# Required action
Once you find the line with "camping o bungalow en Reádegos" in the listing below, set down exactly every line from it through the line with "Balenciaga Faux Fur", but no pictures.

# Source material
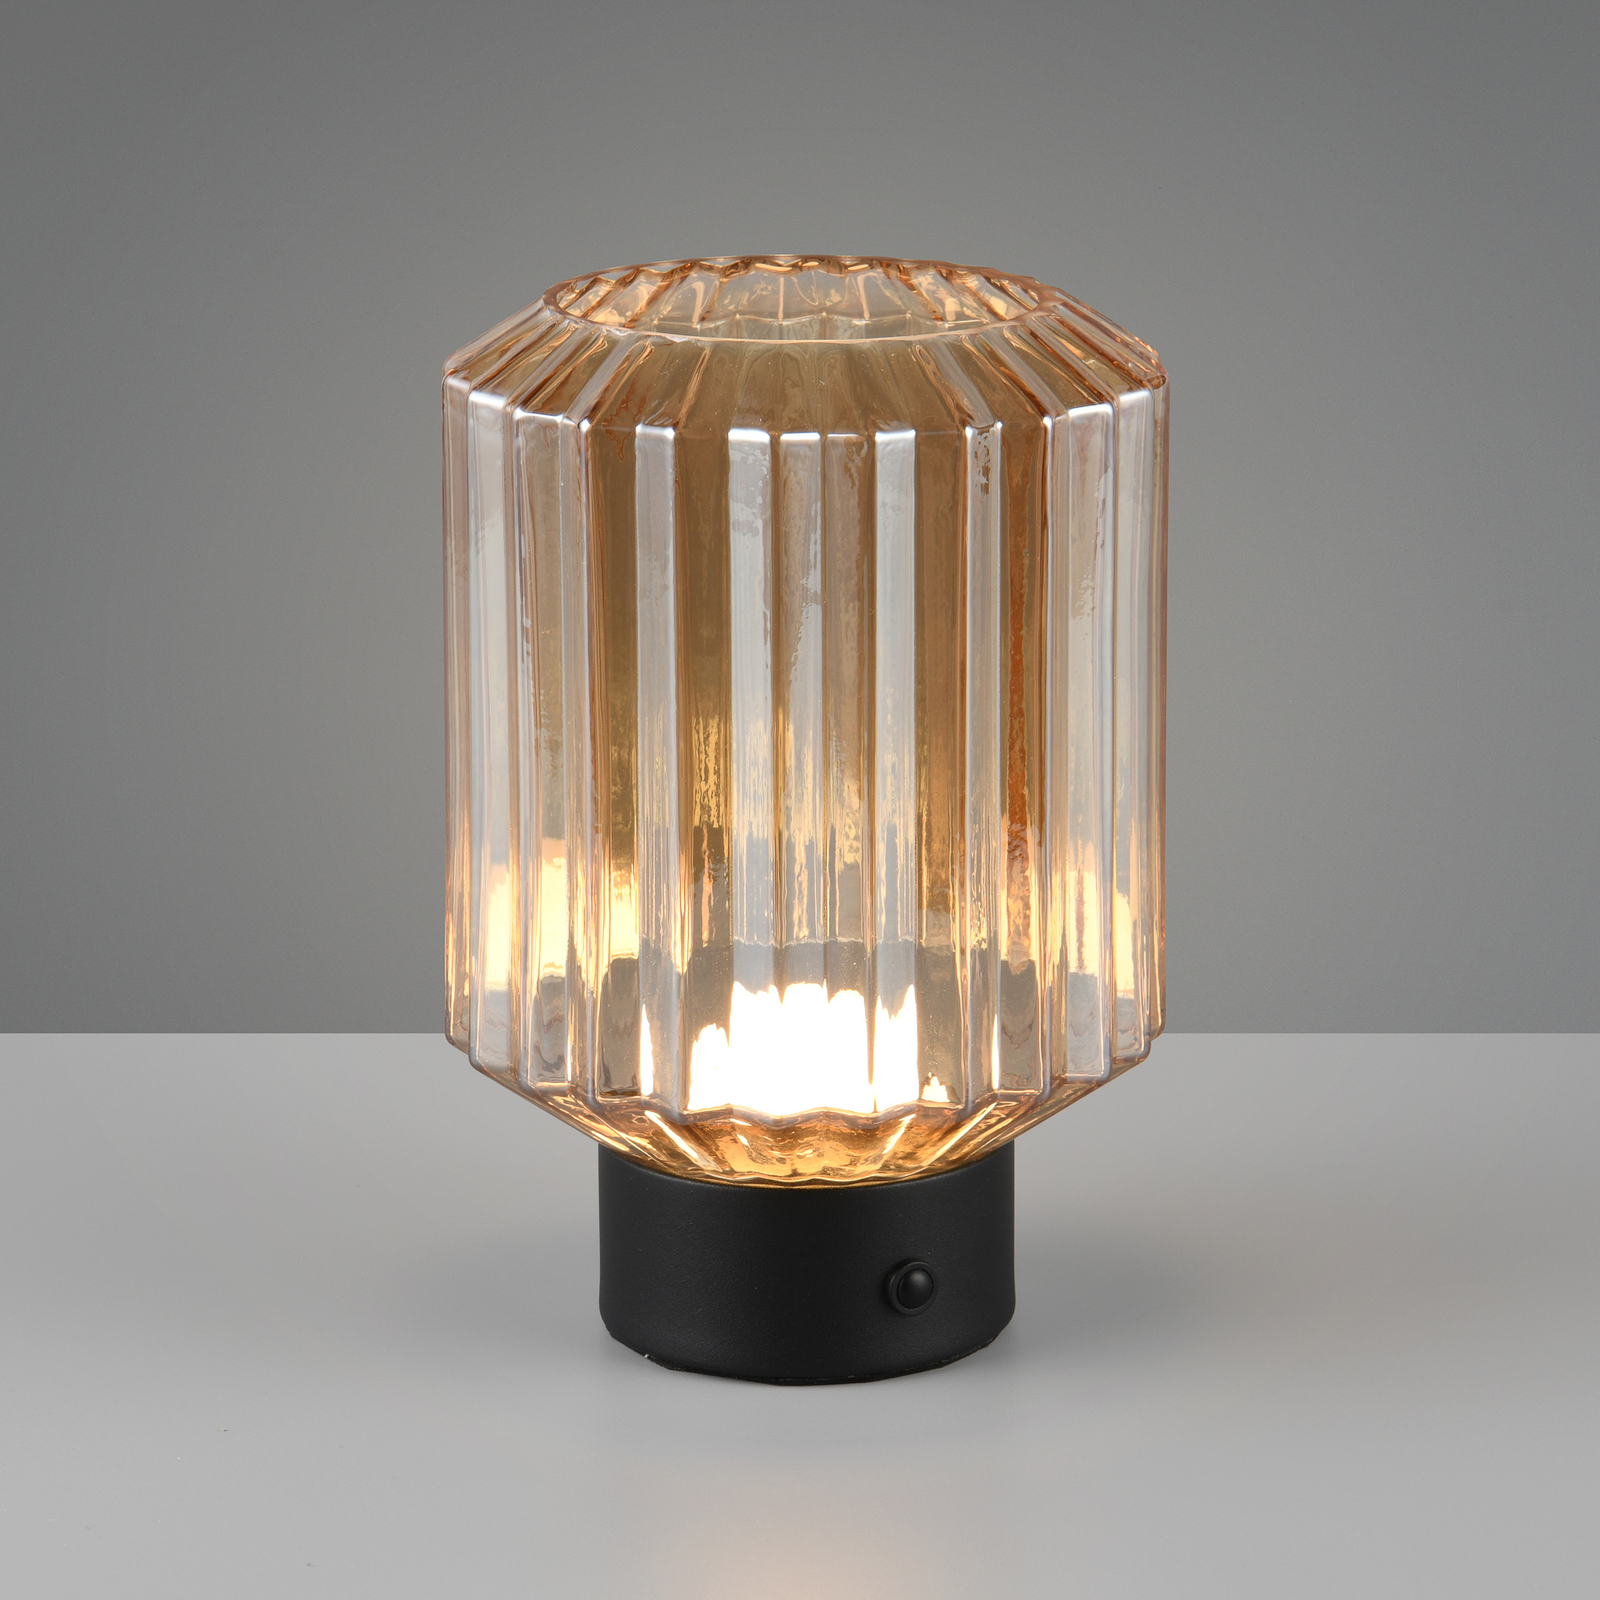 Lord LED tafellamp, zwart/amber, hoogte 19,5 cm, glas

==

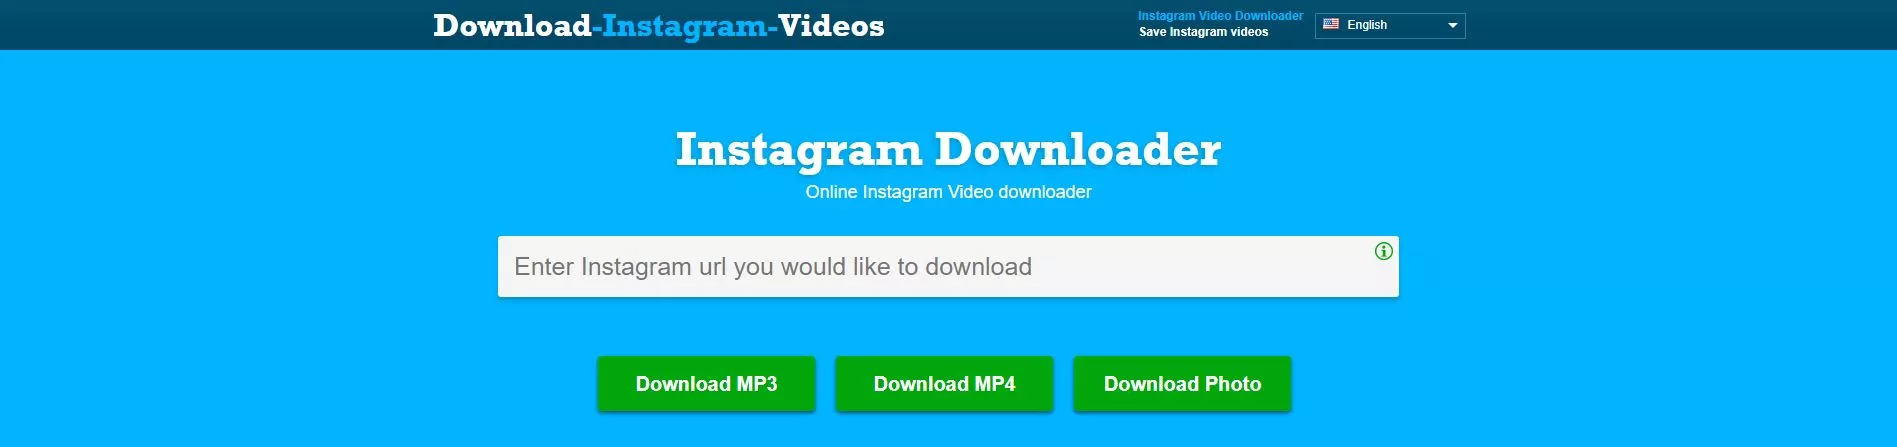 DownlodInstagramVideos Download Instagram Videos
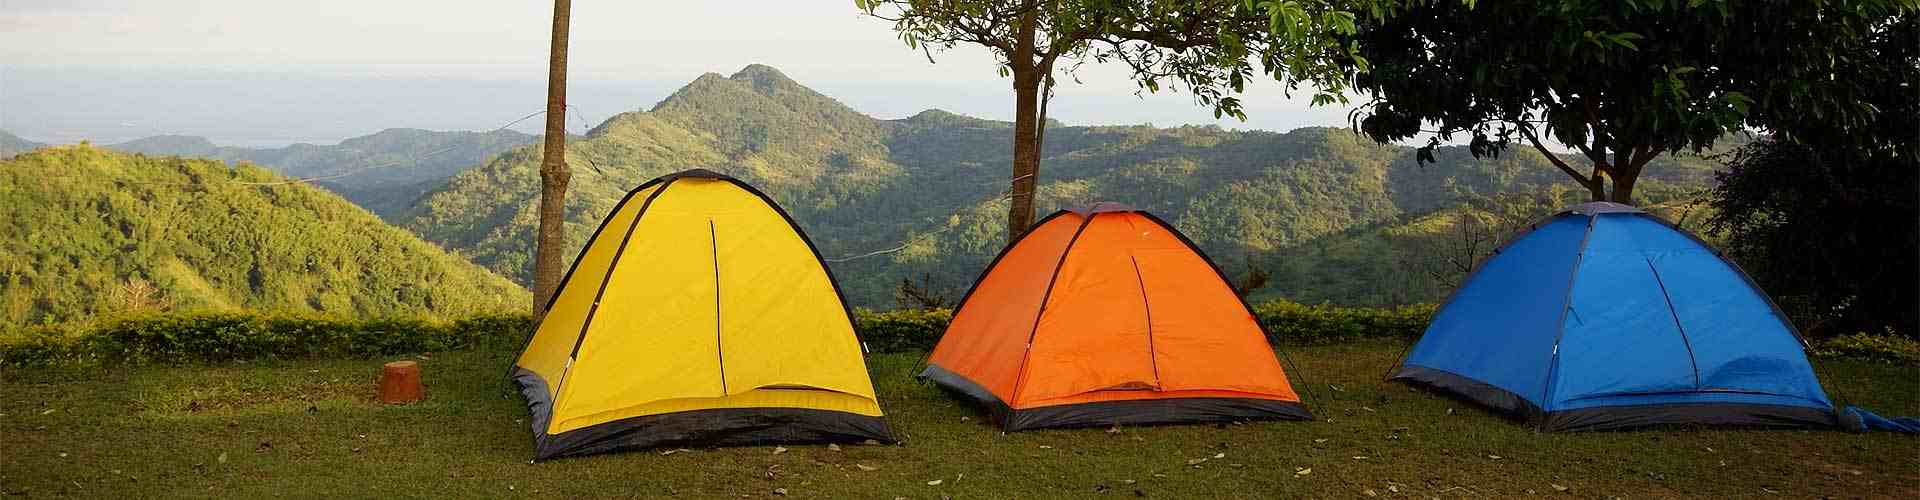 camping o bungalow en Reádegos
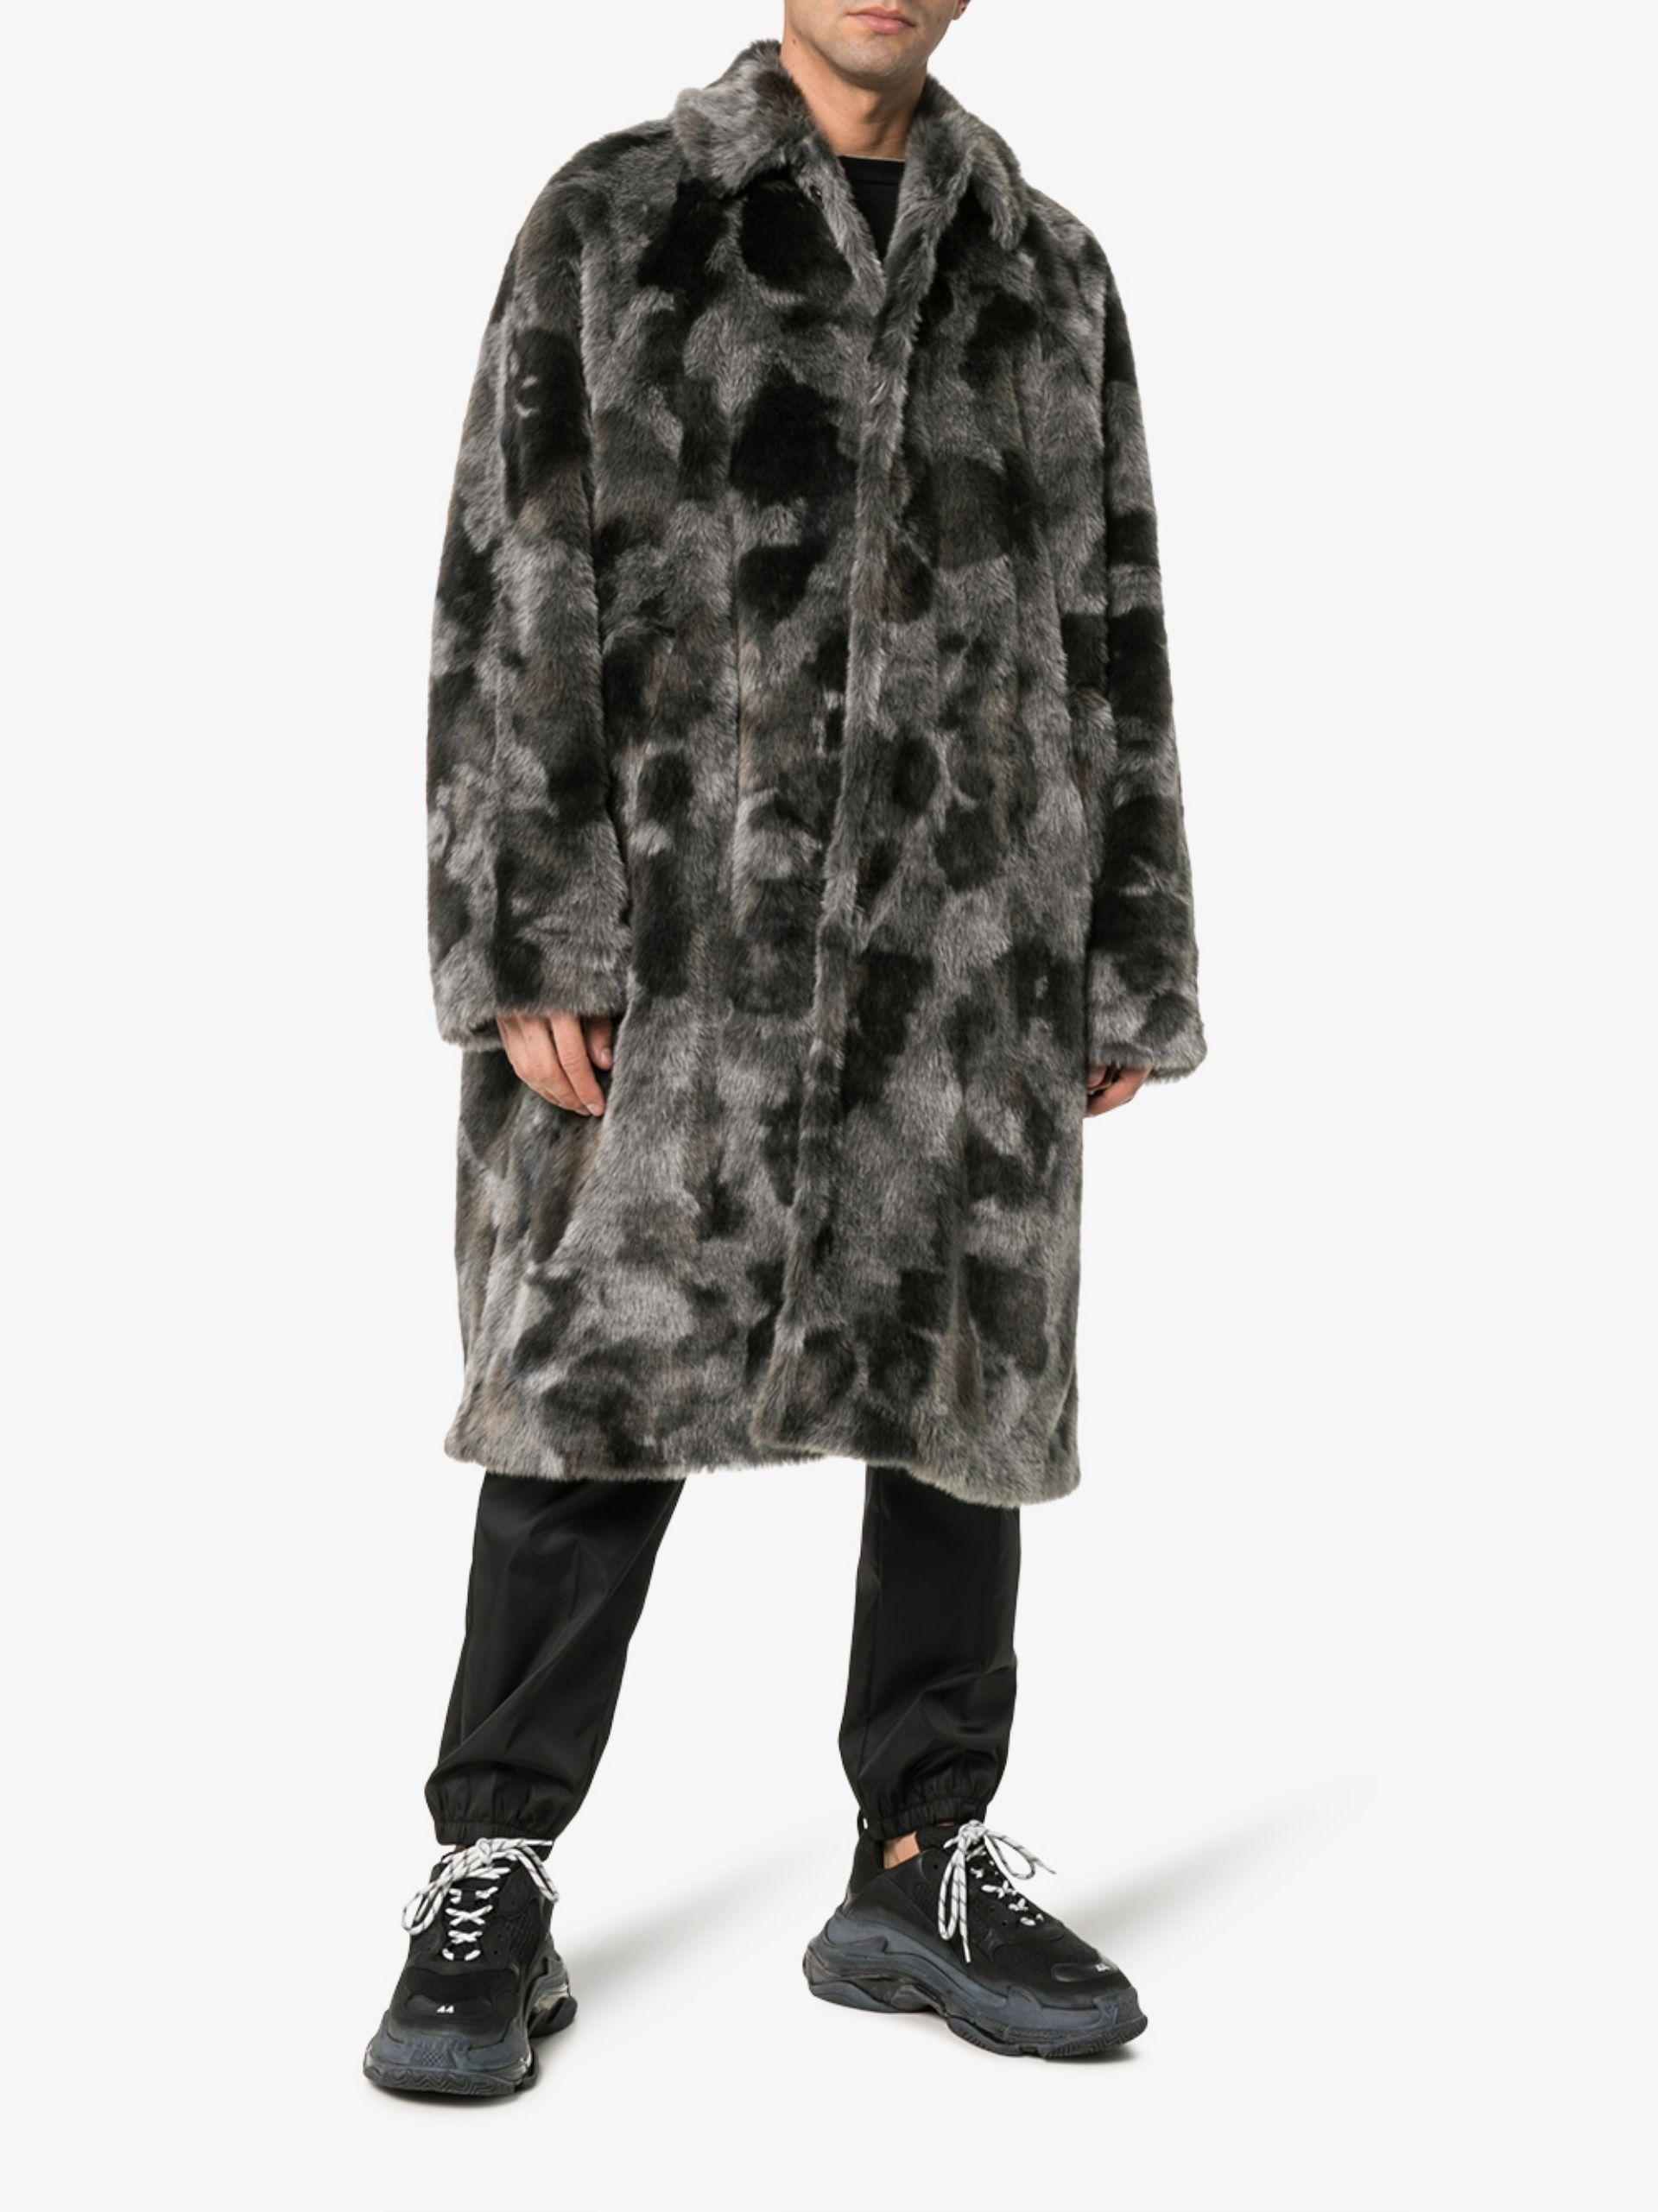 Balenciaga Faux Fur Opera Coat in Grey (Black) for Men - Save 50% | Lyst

# Exercise solution
 camping o bungalow en Reádegos
 Balenciaga Faux Fur Opera Coat in Grey (Black) for Men - Save 50% | Lyst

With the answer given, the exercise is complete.